Page MenuHomePhabricator

Scan images in chronological order
Closed, ResolvedPublic13 Estimated Story Points

Description

When scanning existing images, we should scan in chronological order, starting with the oldest images.

If we scan in alphabetical order, and we need to split up the scan into multiple runs to fit into our 10M/month limit, new files will be uploaded in the previous runs. So, if we start with files starting with 'A', any new files starting with 'A' won't be part of that scan.

Scanning in chronological order helps with that. New uploads will get scanned last.

I believe there are some edge cases: for example, older revisions of files that get undeleted. I'm not sure if that's even possible or how frequent it is, but my guess is that it's much less frequent than new uploads.

Event Timeline

Image metadata is stored in two tables: image and oldimage. The former holds current revisions of the files, while the latter holds older revisions.

The script has two modes - 'old' and 'new' for scanning old revisions and new revisions.

image table has an index on img_timestamp, so we can efficiently query the images in chronological order. This is better then going by name, since we would never need to re-scan, newer uploads will get into the new table with later timestamps.

For oldimage, there's no index by upload time, so we can't order by timestamp. While we are doing the initial scan, some images might be deleted and moved from still unscanned 'image' table, so we might miss some, but if we first scan 'image' table and then scan 'old image' ordering by name, we minimize the number of potential images that would fall through the cracks.

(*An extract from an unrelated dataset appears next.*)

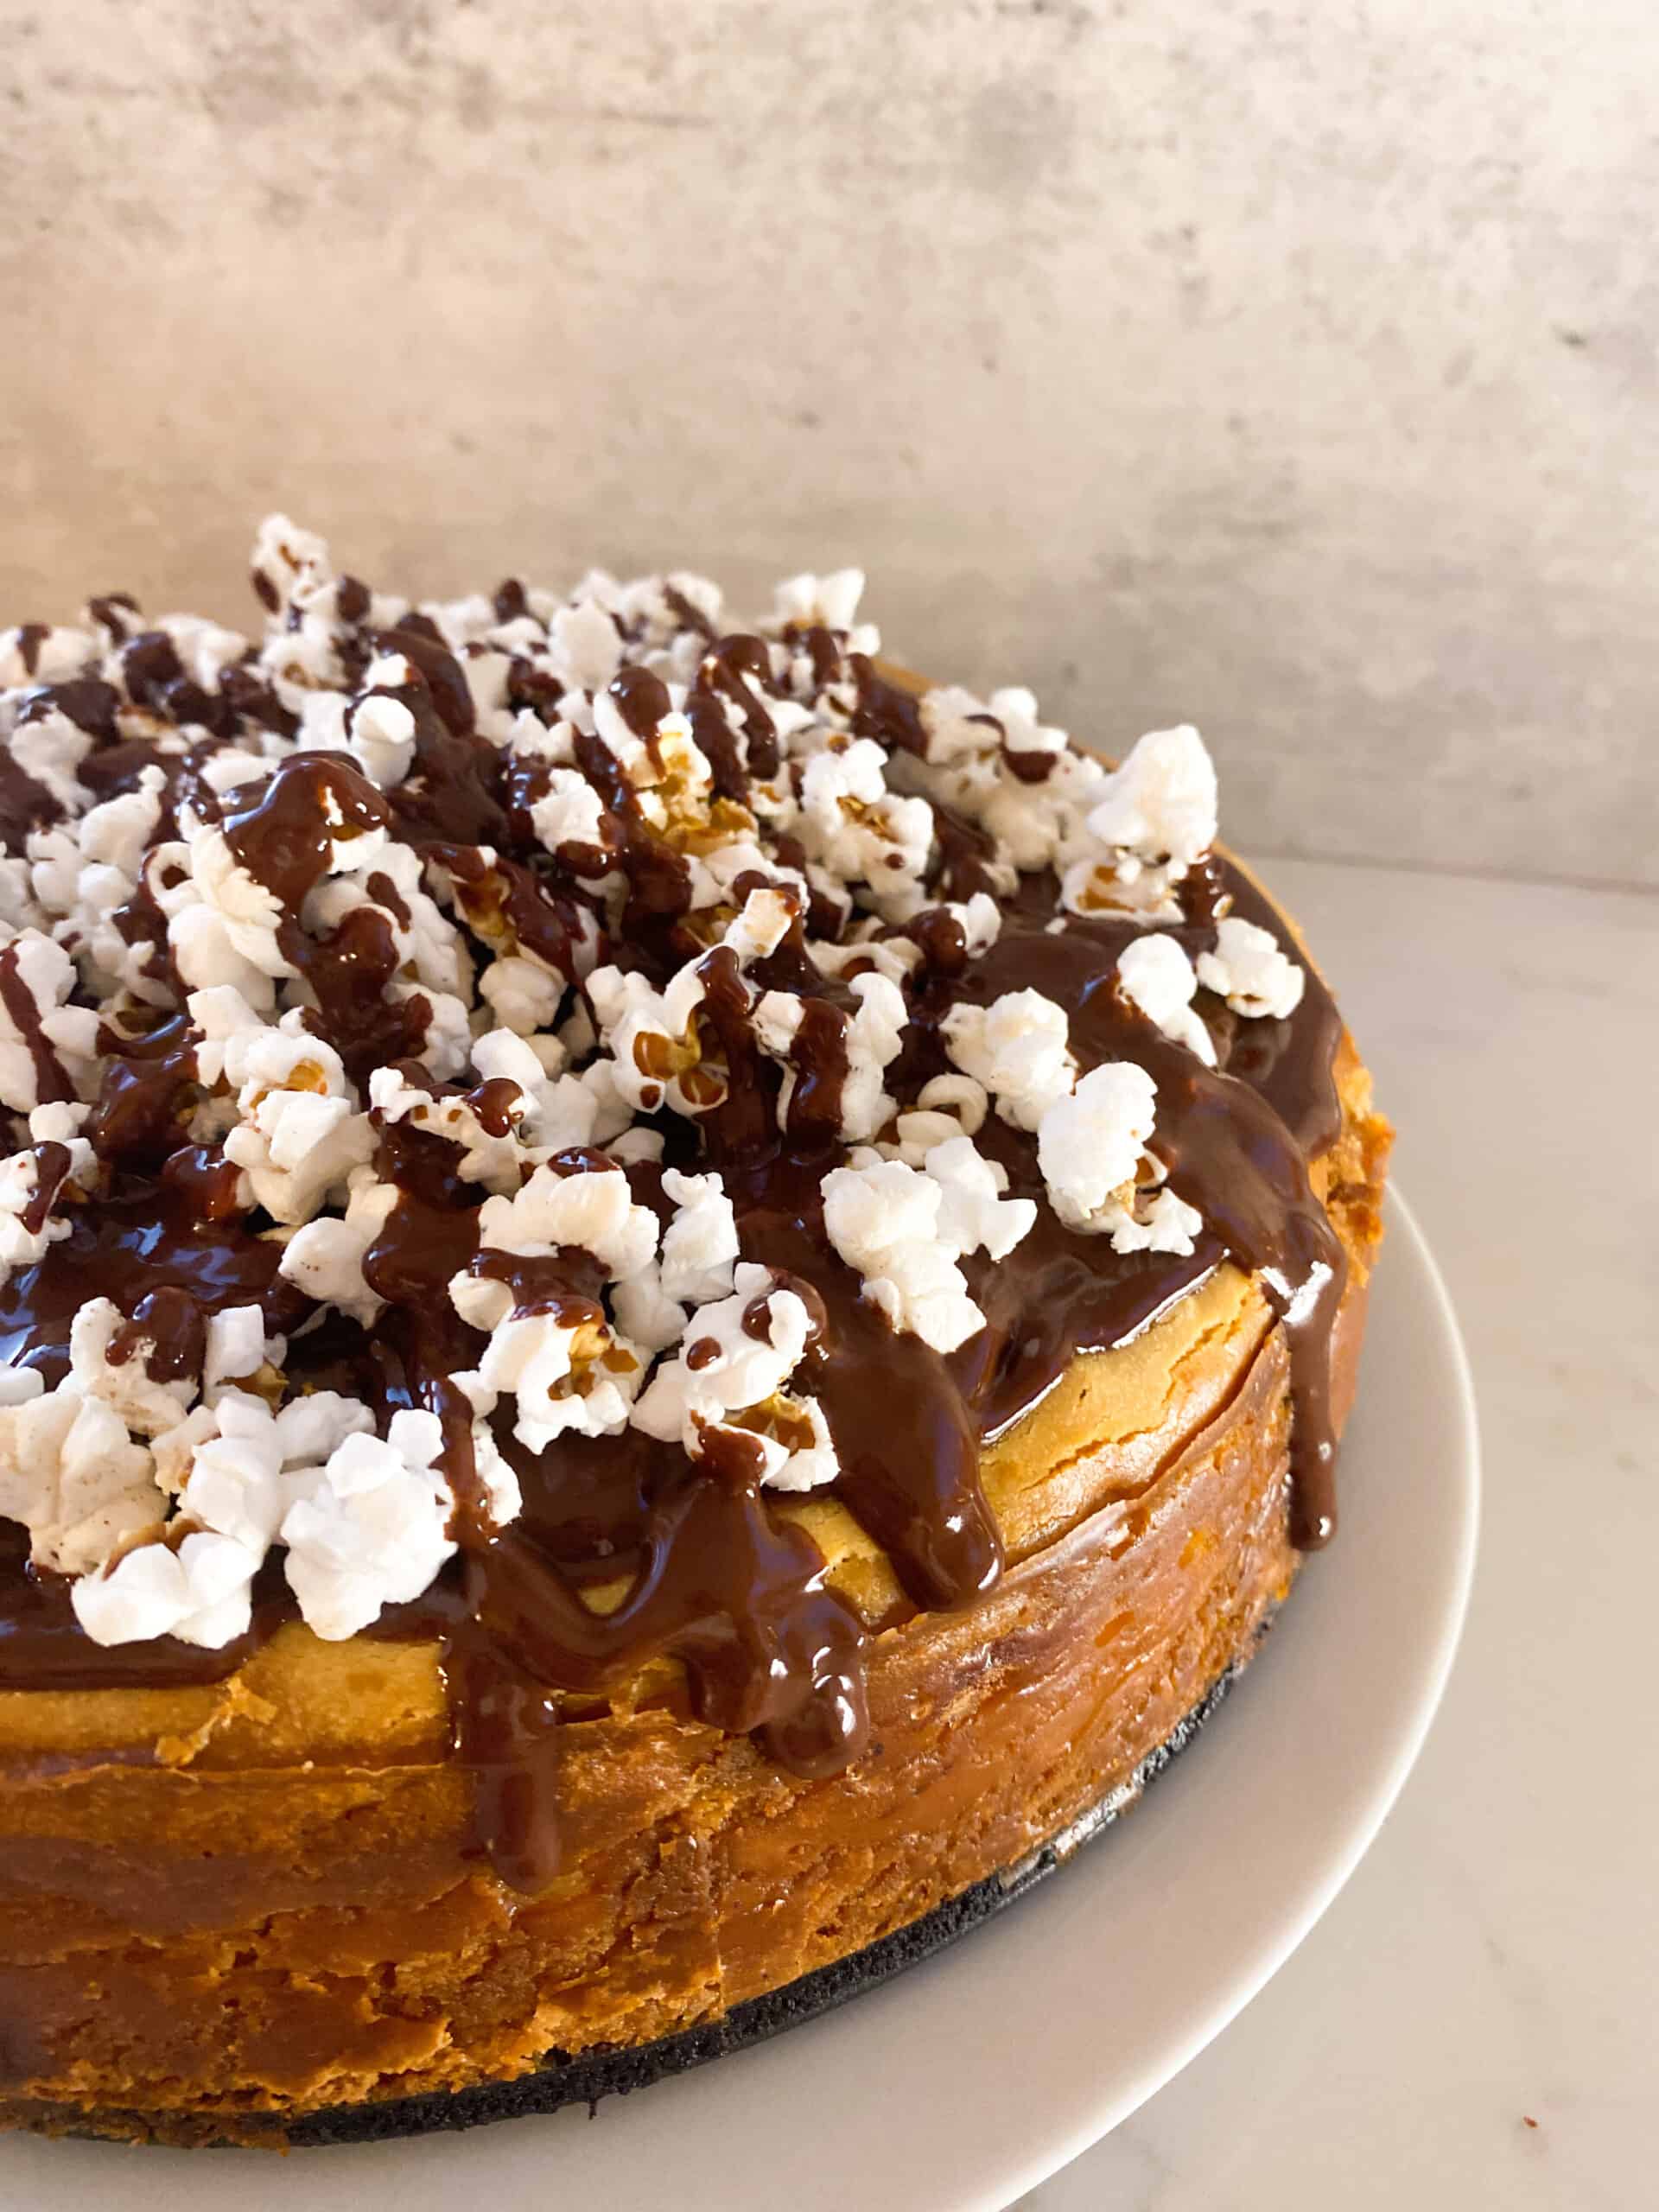 Chocolate Peanut Butter Cheesecake with Popcorn on Top | CC's Table

Currently the --start parameter takes the name of the image before the first image to scan. The script reports the last image that was scanned so that the next run of the script can use that image for --start. For testing, it is tricky to find the image before the one that you want to test - which is necessary if you are trying to scan one of the test images that will trigger a positive. The images are currently ordered alphabetically by name, which helps with that, but once they are sorted chronologically, that will be even more difficult. It seems it would be helpful to add an option to scan a single named file.

Helga_sf set the point value for this task to 13.Jul 7 2020, 12:36 PM
Helga_sf raised the priority of this task from Medium to High.Jul 14 2020, 2:06 PM

Change 614704 had a related patch set uploaded (by Art.tsymbar; owner: arttsymbar):
[mediawiki/extensions/MediaModeration@master] Scan images in chronological order

https://gerrit.wikimedia.org/r/614704

Change 614704 merged by jenkins-bot:
[mediawiki/extensions/MediaModeration@master] Scan images in chronological order

https://gerrit.wikimedia.org/r/614704

Change 615511 had a related patch set uploaded (by Art.tsymbar; owner: arttsymbar):
[mediawiki/extensions/MediaModeration@master] Add additional option to scan single file by name

https://gerrit.wikimedia.org/r/615511

Change 615511 merged by jenkins-bot:
[mediawiki/extensions/MediaModeration@master] Add additional option to scan single file by name

https://gerrit.wikimedia.org/r/615511

@eprodromou could you please review the task and resolve it if it is done?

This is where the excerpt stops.